## Data
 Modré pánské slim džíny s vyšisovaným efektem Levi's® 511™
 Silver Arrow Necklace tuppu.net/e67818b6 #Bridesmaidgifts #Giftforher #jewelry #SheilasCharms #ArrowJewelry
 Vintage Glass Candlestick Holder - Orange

==

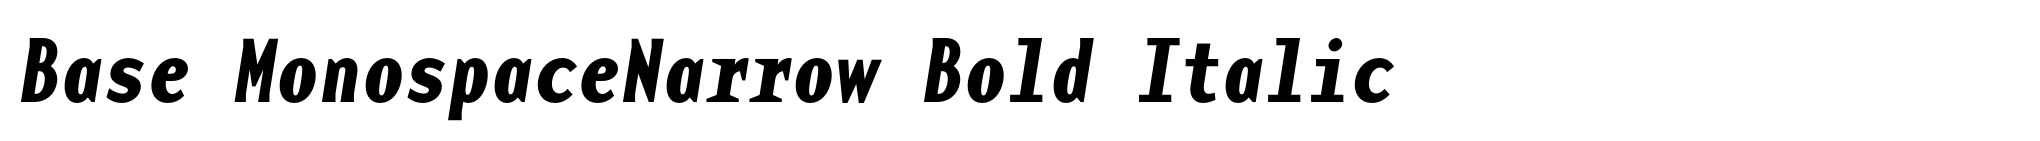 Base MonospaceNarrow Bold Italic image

## Required action
Scan the listing above for the line that has "Silver Arrow Necklace", then copy exactly from that line through the line that has "Vintage Glass Candlestick Holder - Orange".

## Result
 Silver Arrow Necklace tuppu.net/e67818b6 #Bridesmaidgifts #Giftforher #jewelry #SheilasCharms #ArrowJewelry
 Vintage Glass Candlestick Holder - Orange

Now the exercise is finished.